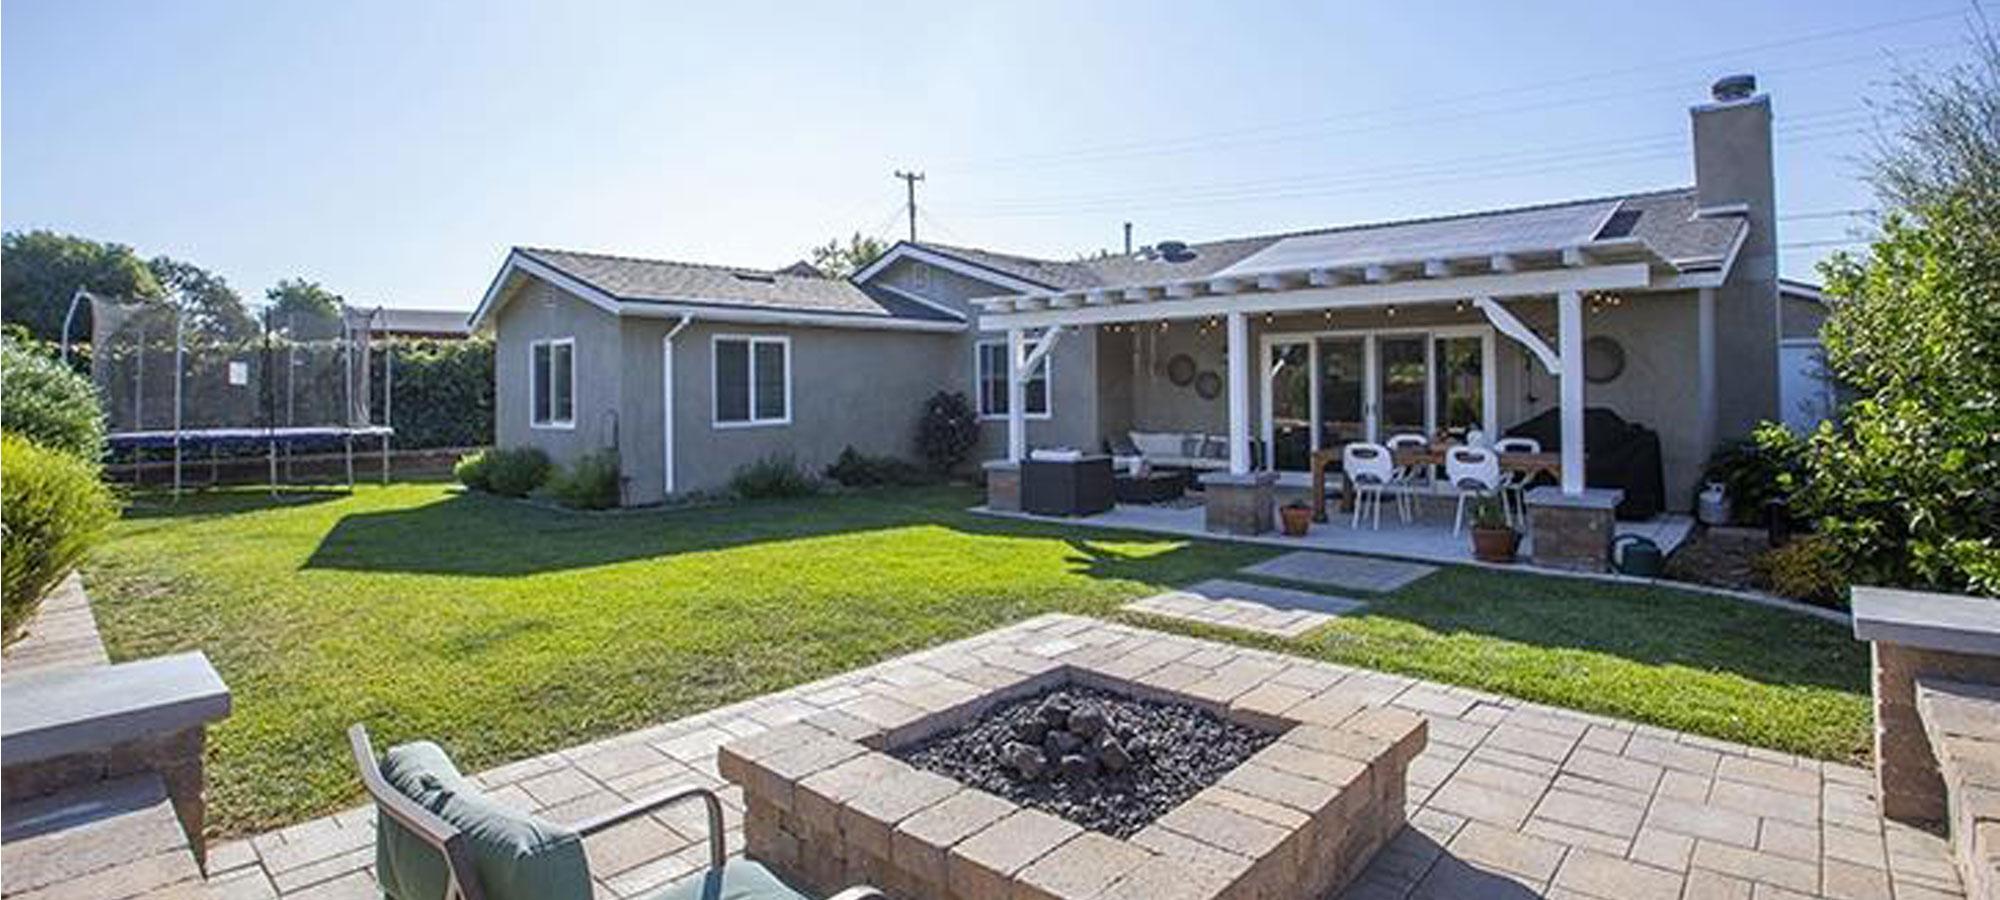 6393 Badger Lake Ave. San Diego, CA 92119
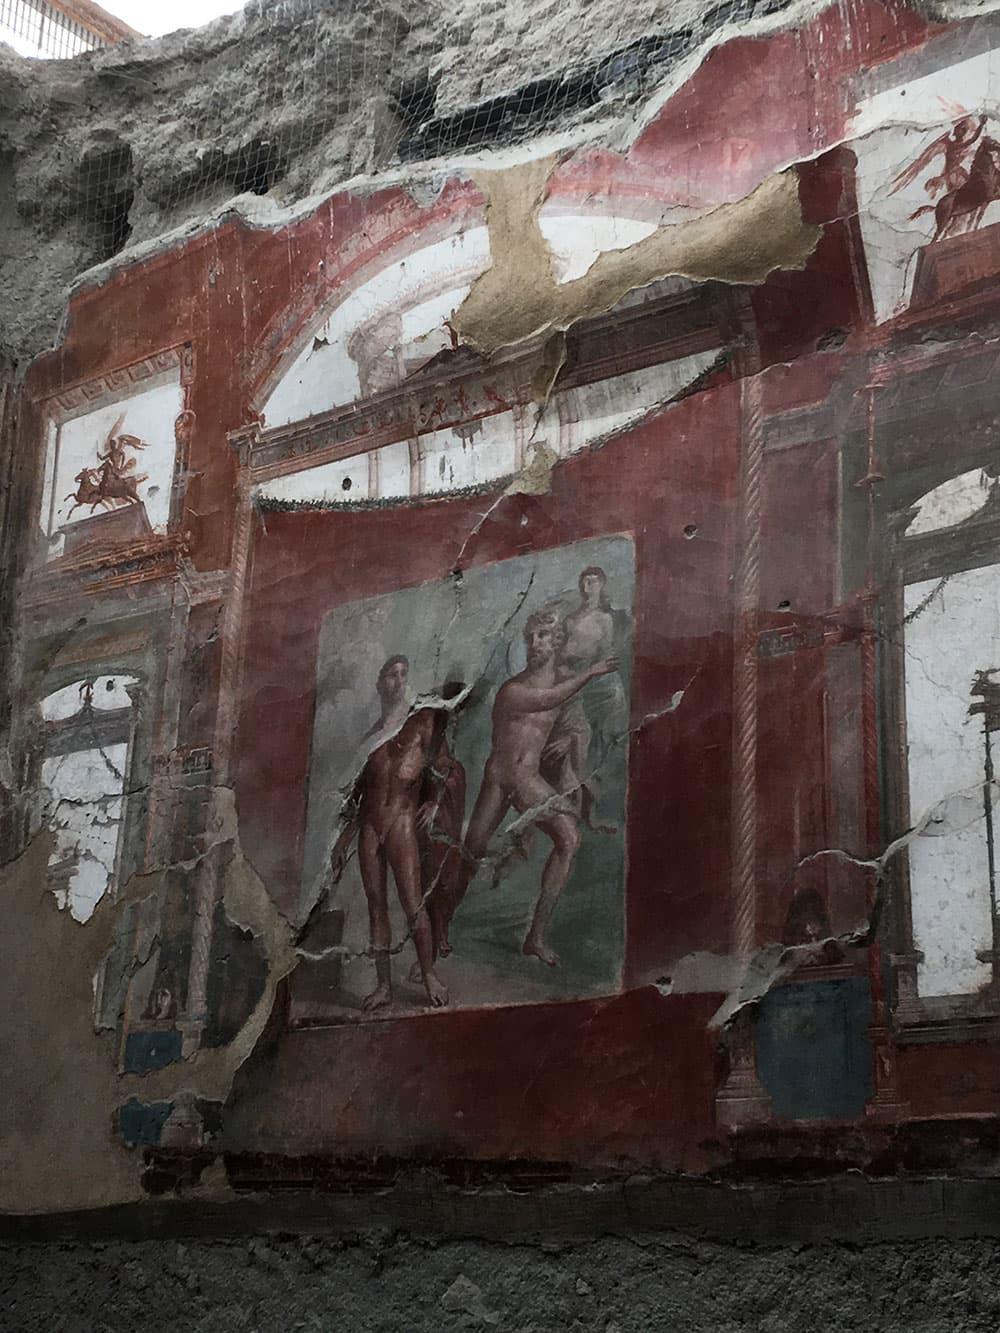 An ancient fresco at Herculaneum
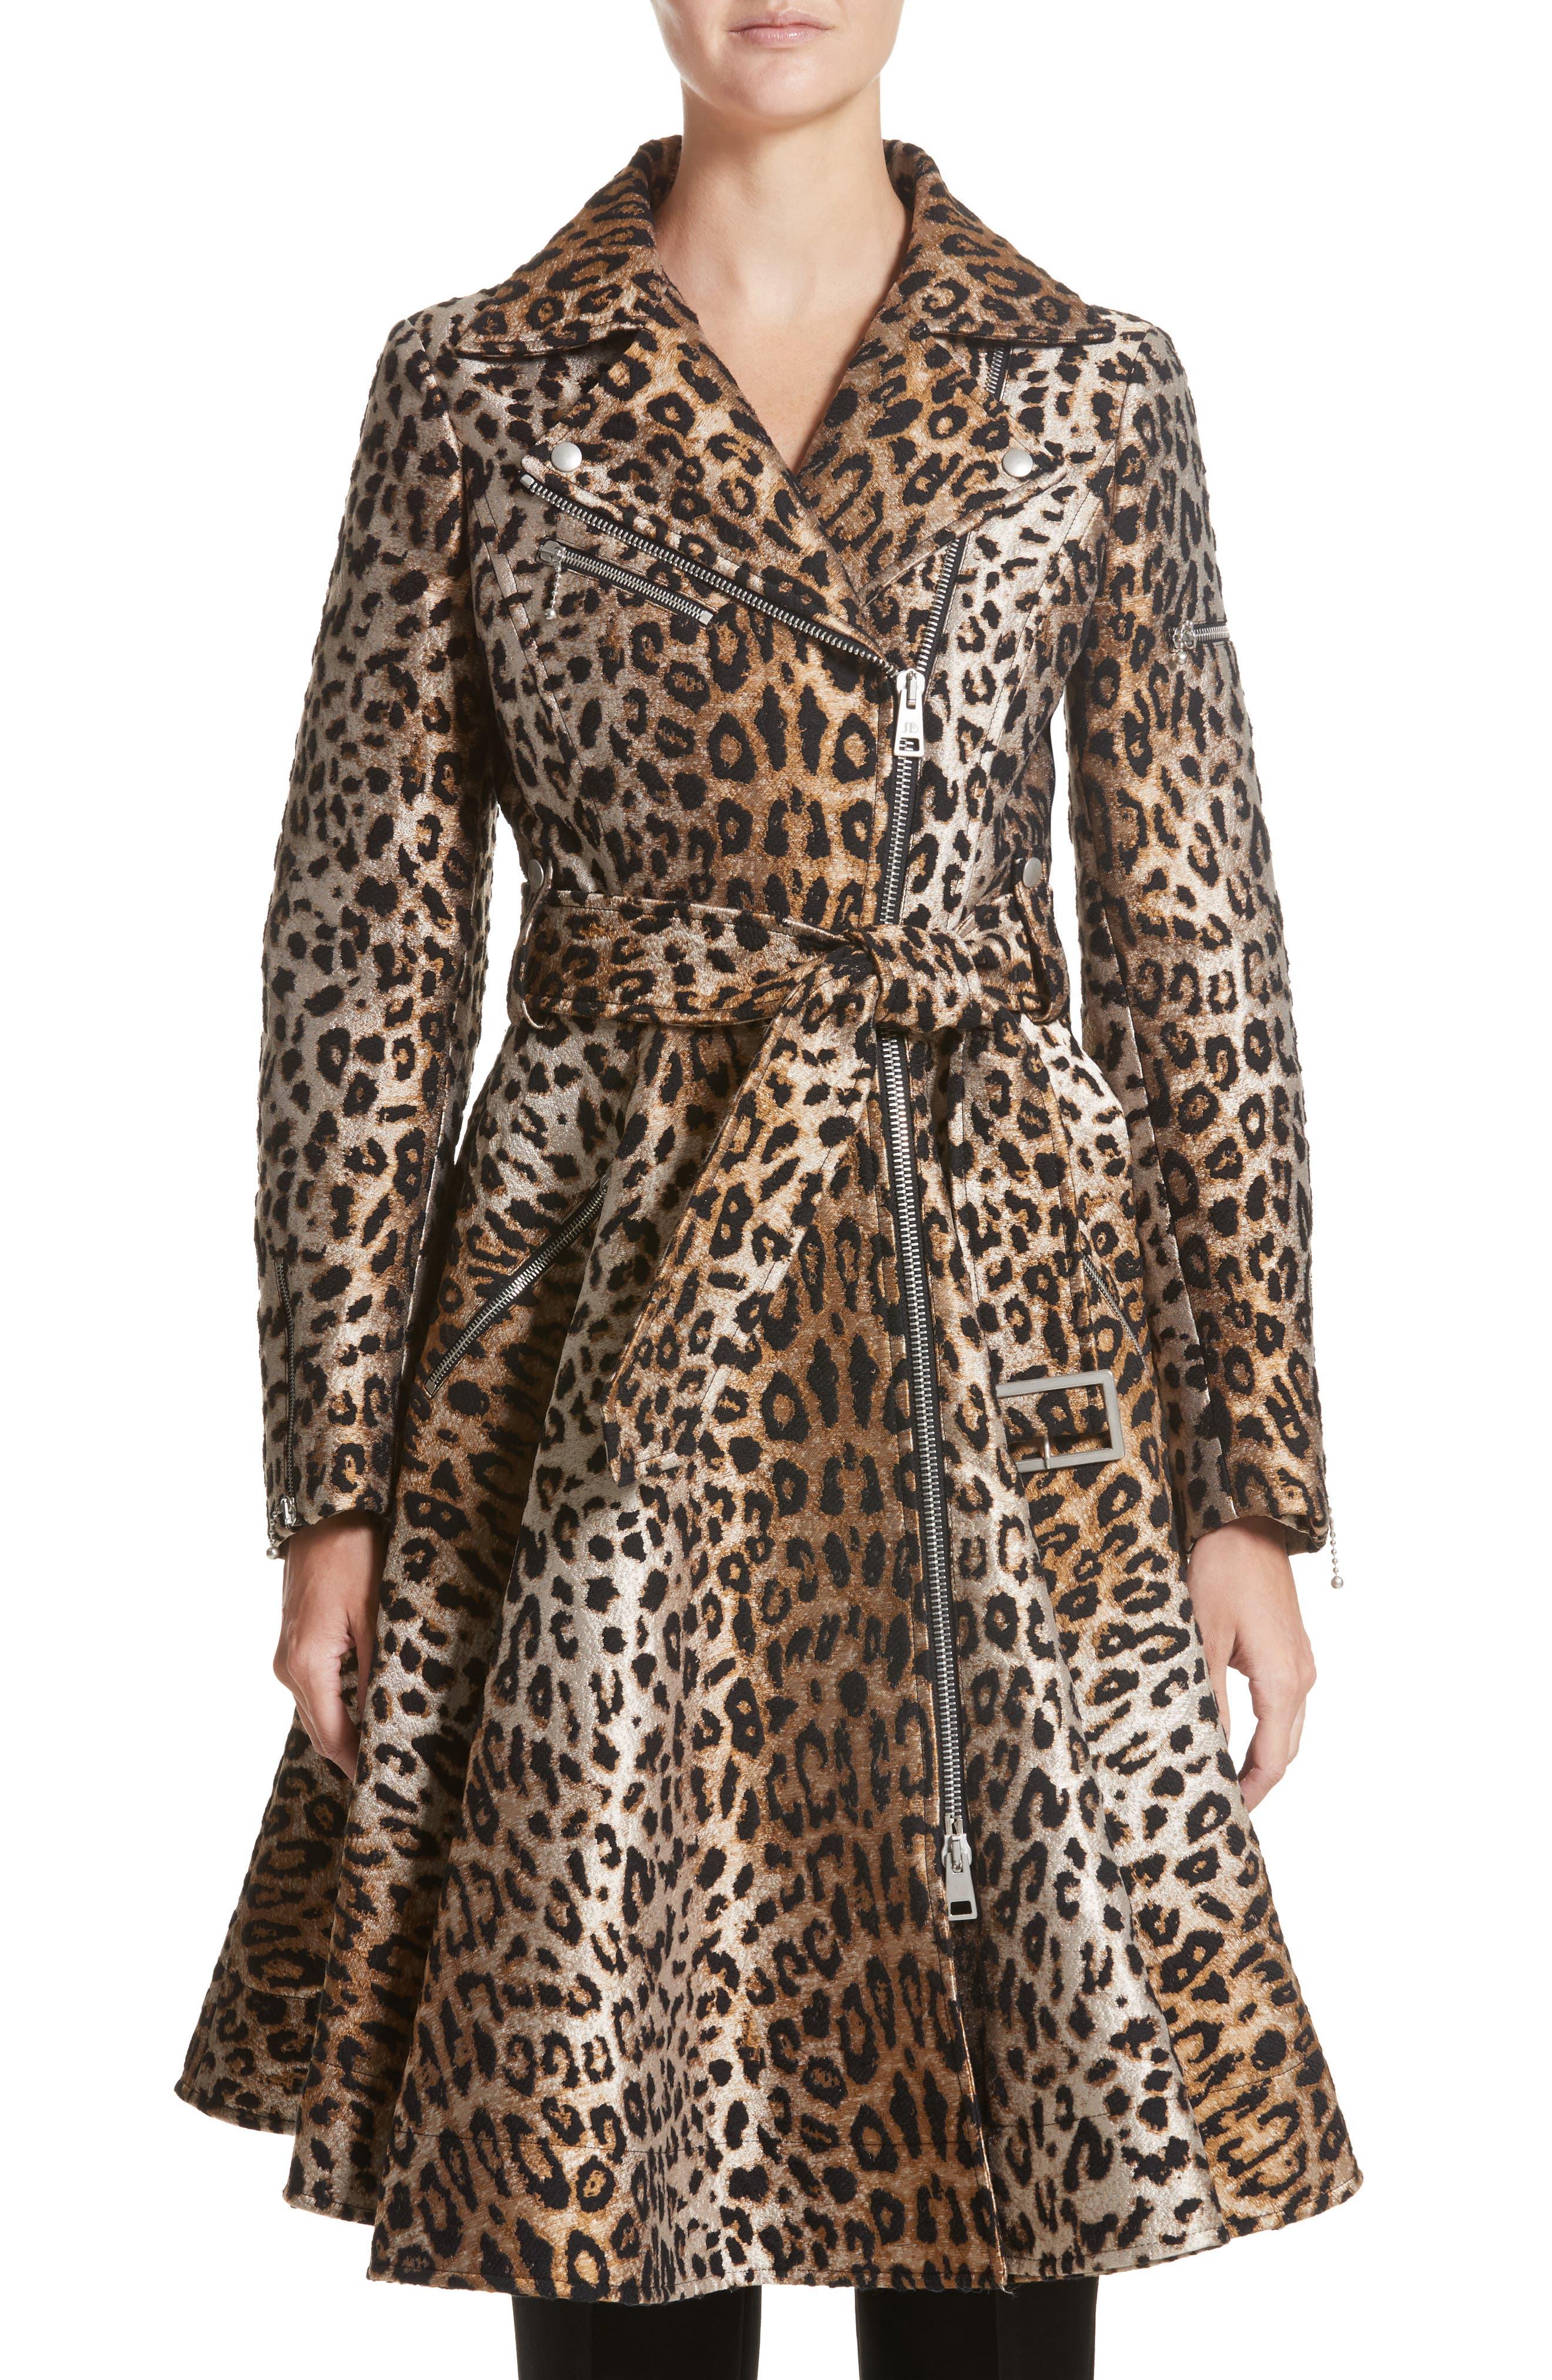 Main Image - Sara Battaglia Leopard Jacquard Trench Coat
◆ ◆ ◆ ◆
What is needed is an exact copy of all the data, with no images in it.

SOLUTION TO THE PROBLEM:
 6393 Badger Lake Ave. San Diego, CA 92119
 An ancient fresco at Herculaneum
 Main Image - Sara Battaglia Leopard Jacquard Trench Coat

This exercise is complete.